In total, we identified 144 unique taxa from the ten samples. The majority (88%) were identified to species level, with the remainder assigned to genus or family. The difference in the taxonomic composition of samples collected in June and September was clearly apparent, and can be seen in the summary data shown below. Diptera (flies) and Coleoptera (beetles) were the dominant taxa in both sampling months, but Heterobranchia (slugs) and Collembola (springtails) were much more abundant in September compared with June. Our report included summary charts like the one below along with a species-by-sample table in MS Excel format, which can be updated with each new set of samples that are processed and can be used to perform more complex community analyses.

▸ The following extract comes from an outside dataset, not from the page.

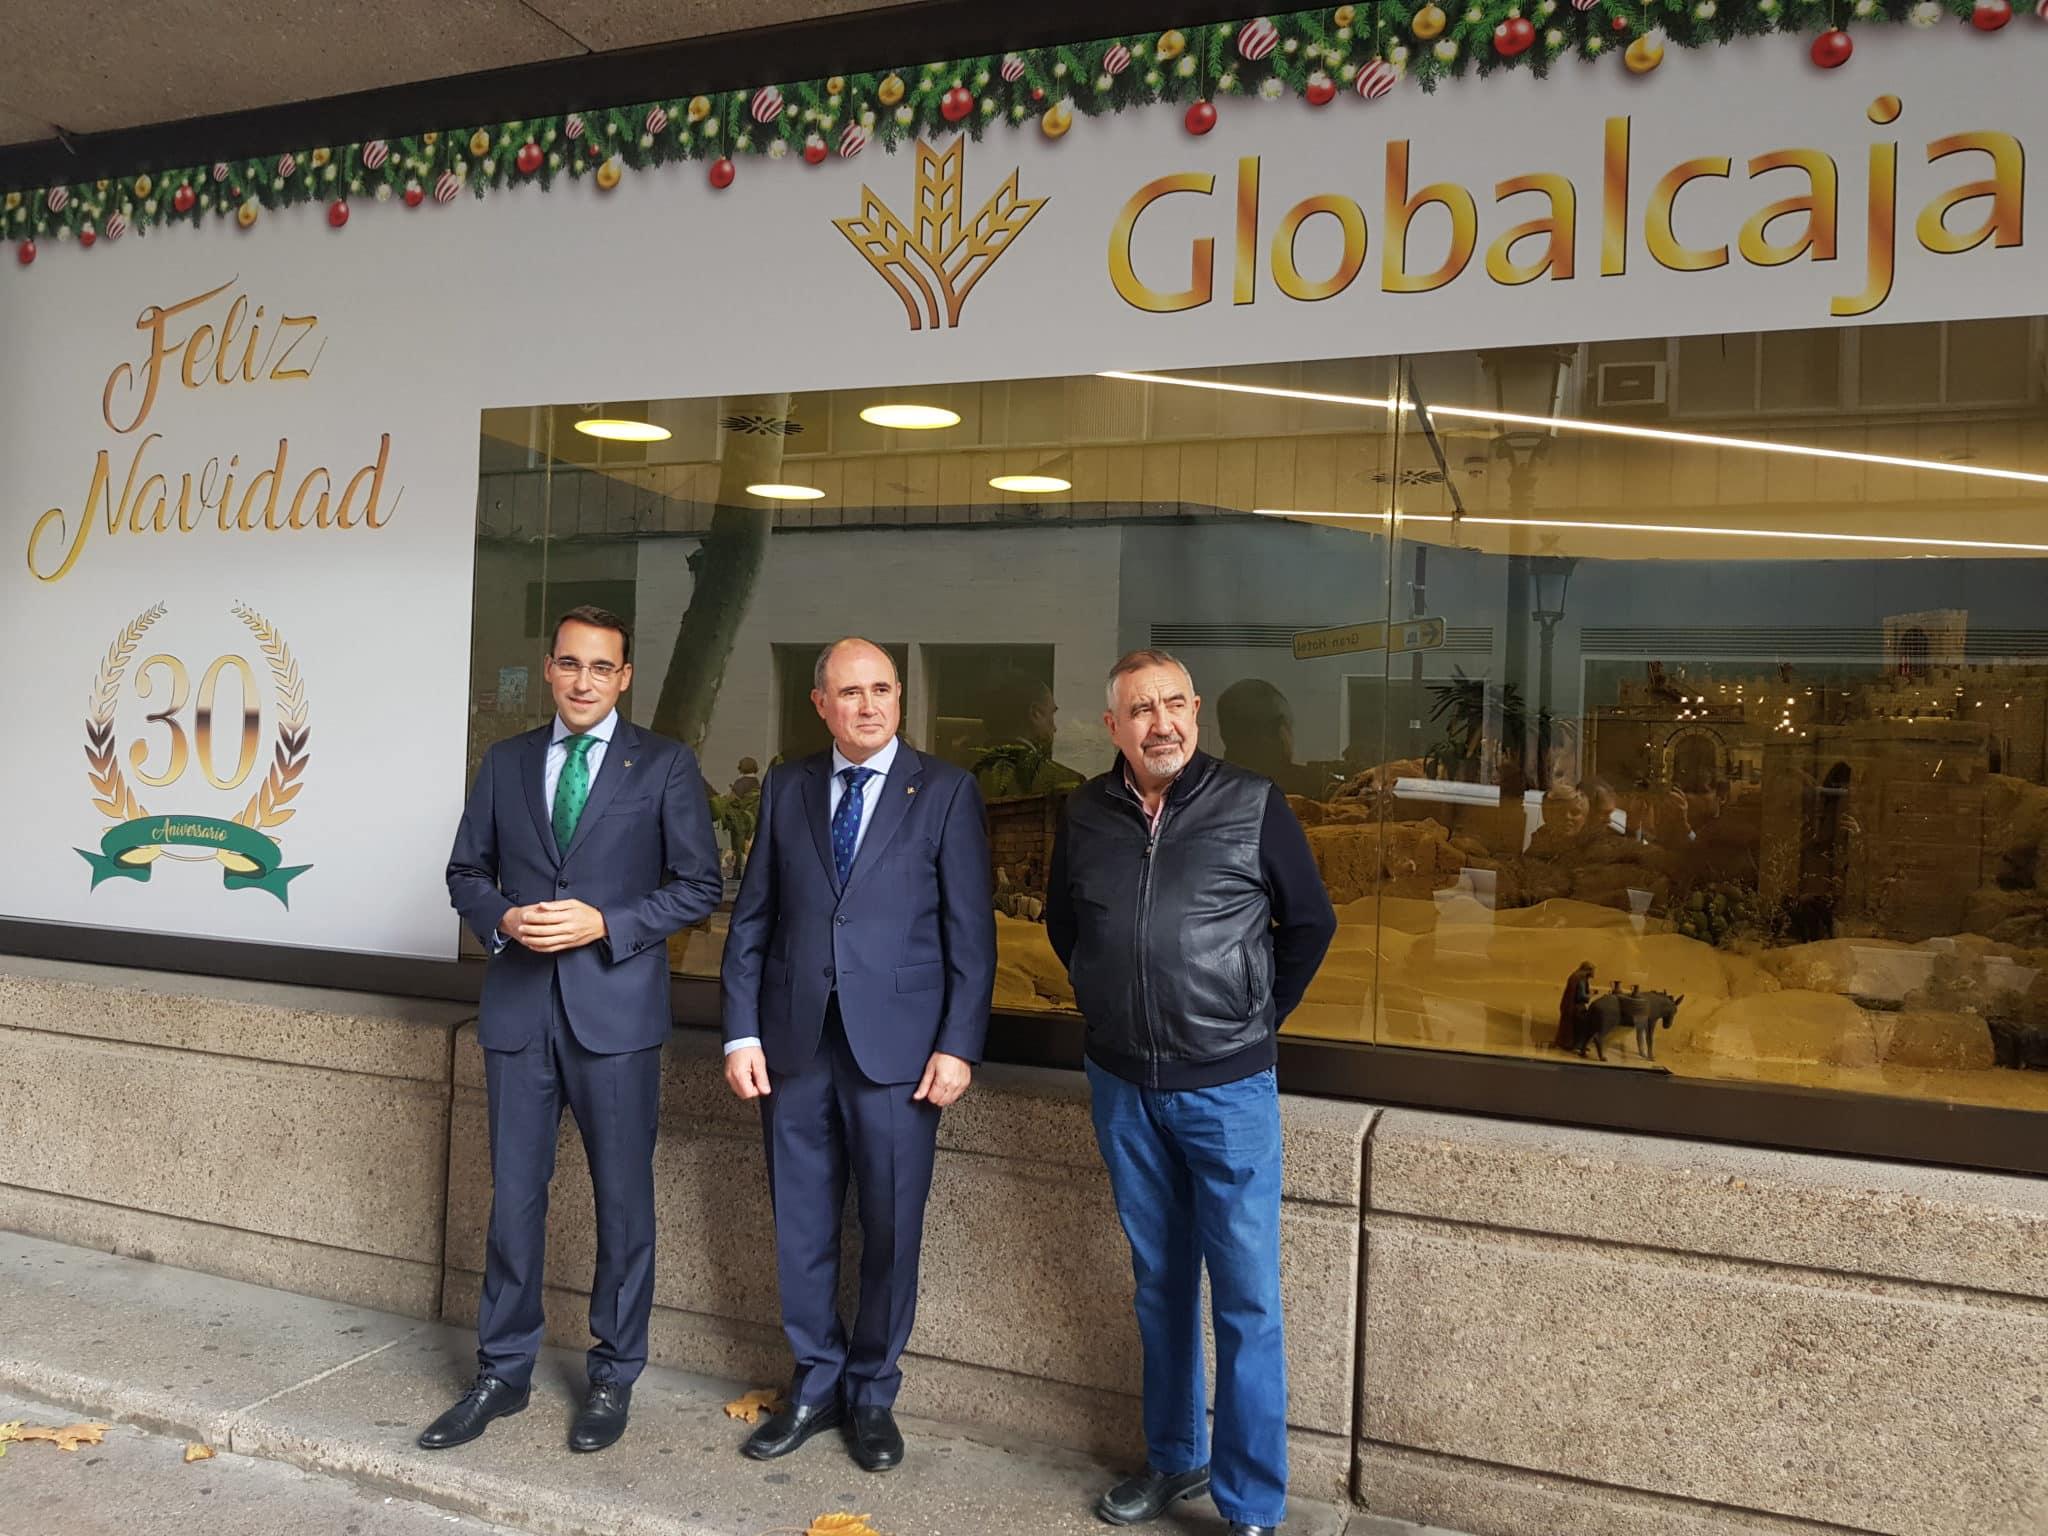 https://blog.globalcaja.es/wp-content/uploads/2019/12/Belen-Globalcaja-2019.jpg

Mary Goddard from Wild Frontier Ecology writes:
“The results produced were well presented and easy to interpret. They will be straightforward to compare with the results of subsequent years of sampling. The summary of results presented at the start of the NatureMetrics report gives a concise synopsis of key findings. The information in the report provided by NatureMetrics is in many ways ideal for a site such as this, where we are not expecting the occurrence of any particularly rare or interesting species (which might require specialist search methods) but are more interested in any changes in species composition and abundance. It will be very interesting to see how results compare in following years, with NatureMetrics results allowing us to easily detect changes in the invertebrate communities of the grassland margins of this wind farm.”
It has been a pleasure to work with Wild Frontier Ecology on this project so far and we look forward to receiving further samples in the coming seasons!